6. The method according to claim 4, characterized in that, The step of determining the threshold increment based on the difference between the adjustment speed and the progress includes: Obtain the upper limit of the constraint threshold for the reward parameter, and determine the threshold difference between the initial threshold and the upper limit of the constraint threshold; the upper limit of the constraint threshold is positively correlated with the risk of the business scenario; Based on the progress difference, the threshold difference is processed non-linearly to obtain the threshold increment.

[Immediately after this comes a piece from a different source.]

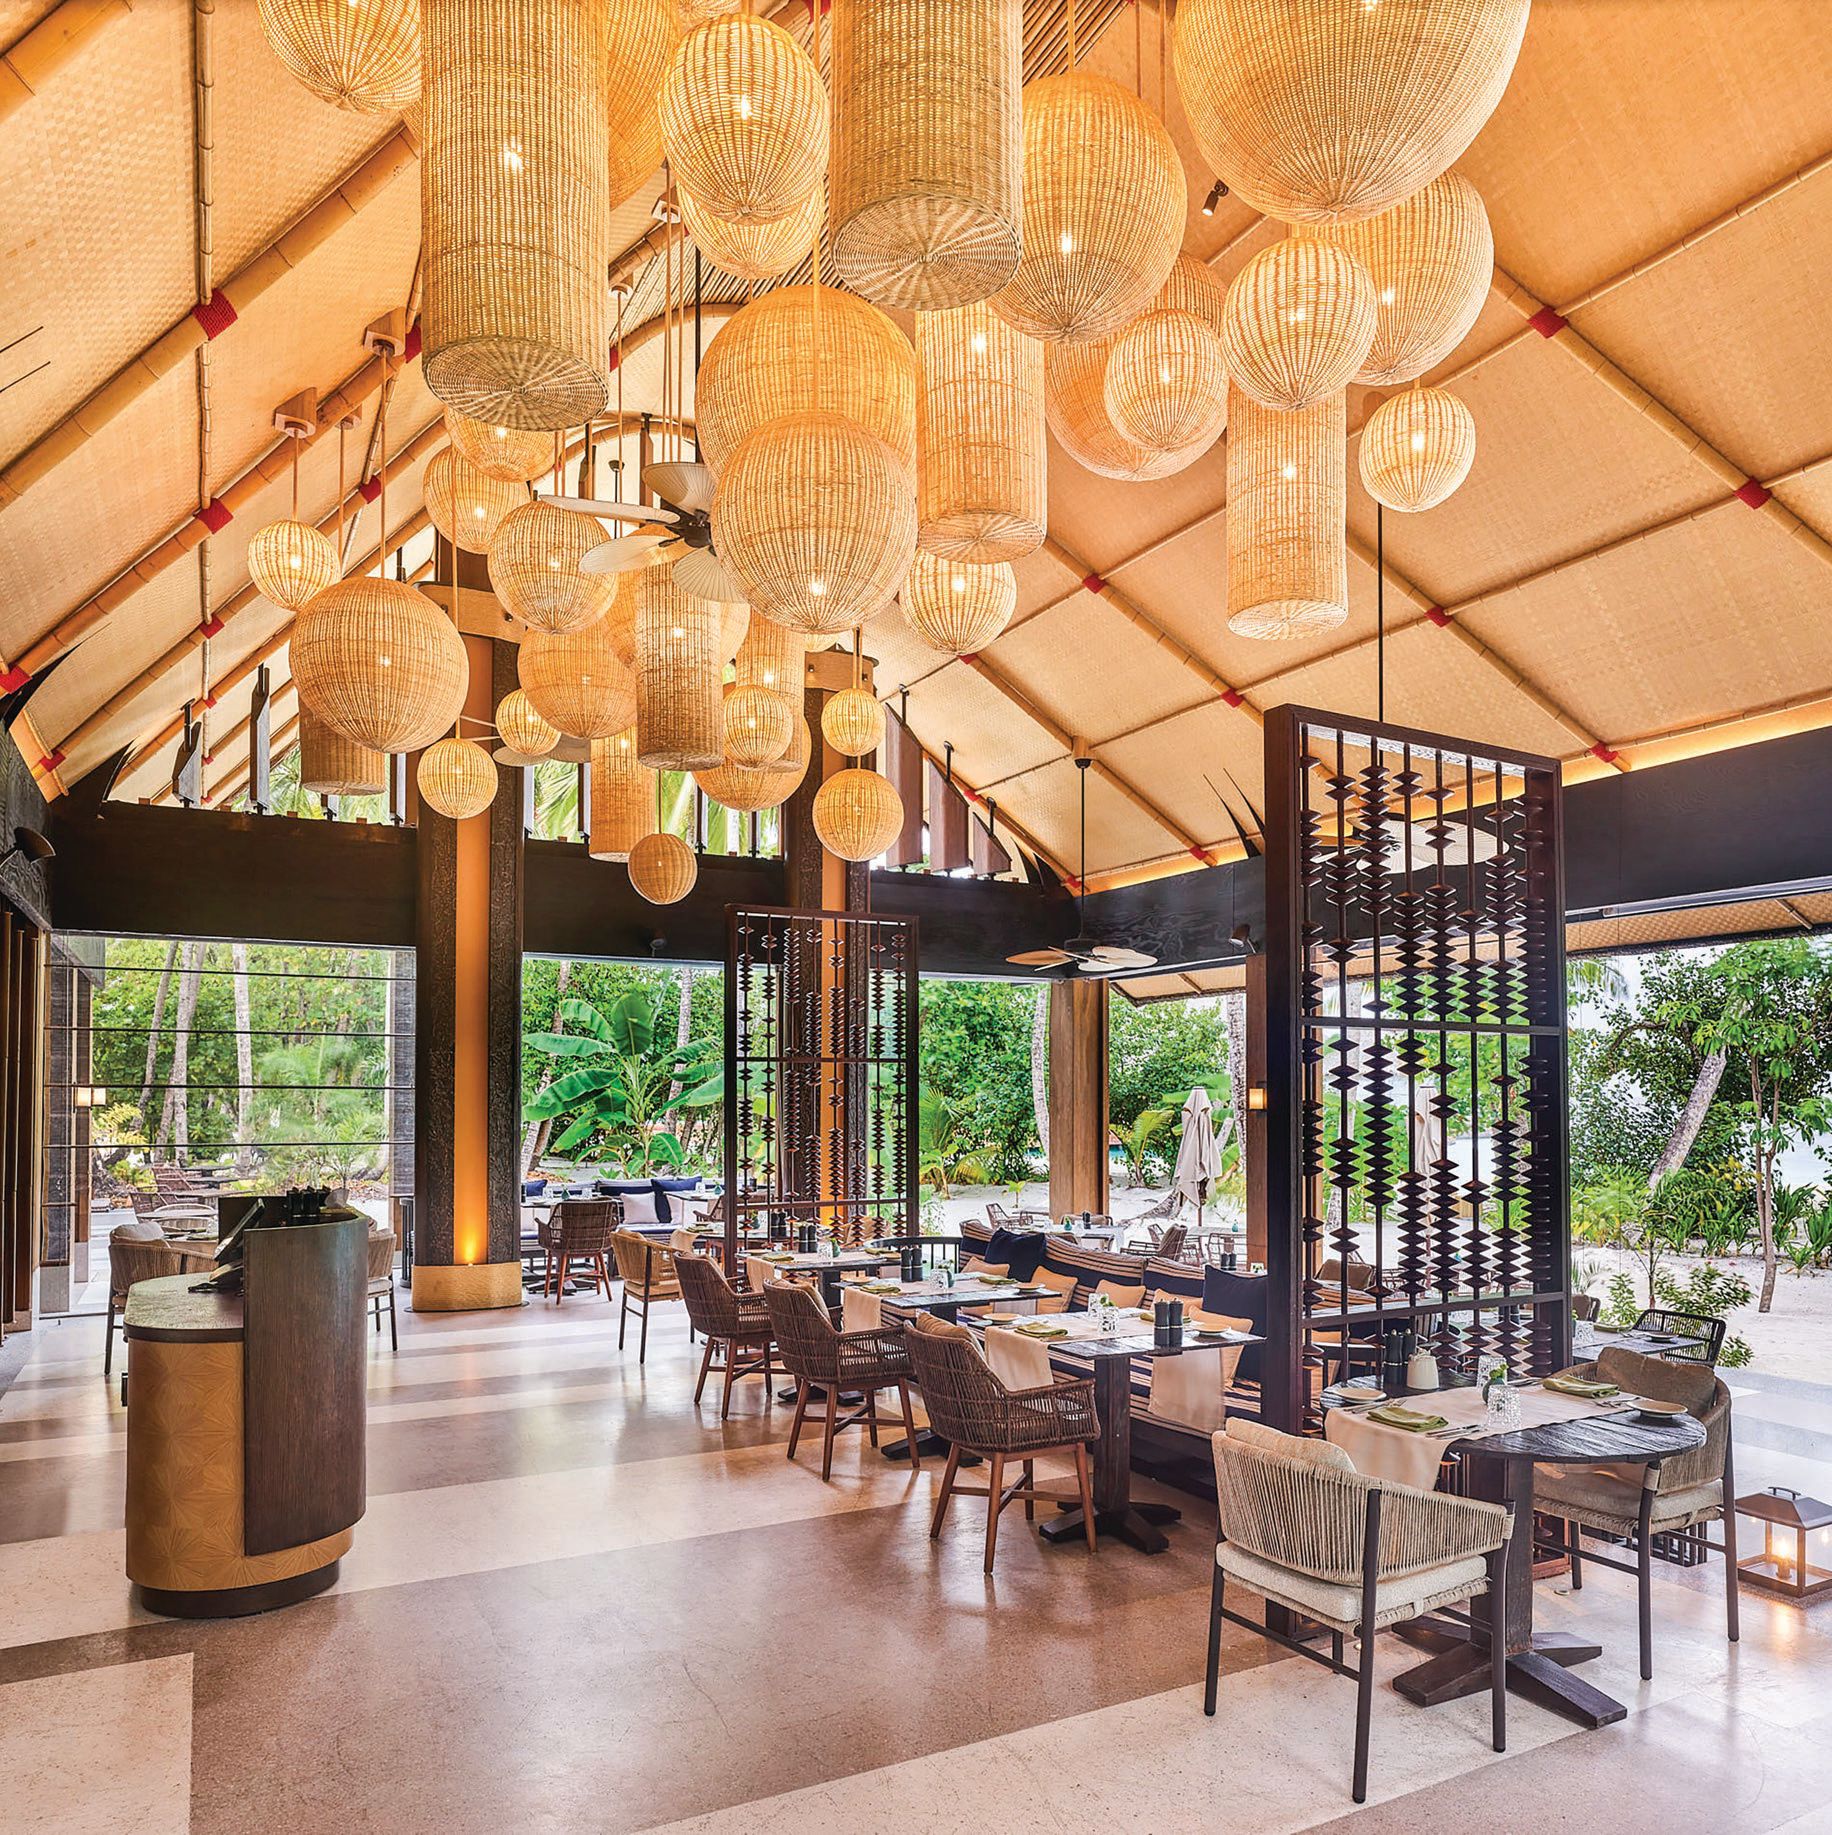 Vandhoo restaurant interior. PHOTO COURTESY OF JOALI MALDIVES

7. A training device for a dialogue model, characterized in that, The device includes: The progress acquisition module is used to obtain the training progress of the initial dialogue model; A constraint module is used to determine the reward parameter corresponding to the training progress and the constraint threshold of the reward parameter; the number of reward parameter types is positively correlated with the training progress; the constraint threshold of the reward parameter is positively correlated with the training progress. The reward value acquisition module is used to evaluate the data generated by the initial dialogue model during the training progress according to the reward parameters, and obtain the reward value. The model optimization module is used to optimize the parameters of the initial dialogue model based on the reward value and the constraint threshold to obtain the dialogue model.

8. A computer device comprising a memory and a processor, wherein the memory stores a computer program, characterized in that, When the processor executes the computer program, it implements the steps of the method according to any one of claims 1 to 6.

9. A computer-readable storage medium having a computer program stored thereon, characterized in that, When the computer program is executed by a processor, it implements the steps of the method according to any one of claims 1 to 6.

10. A computer program product, comprising a computer program, characterized in that, When the computer program is executed by a processor, it implements the steps of the method according to any one of claims 1 to 6.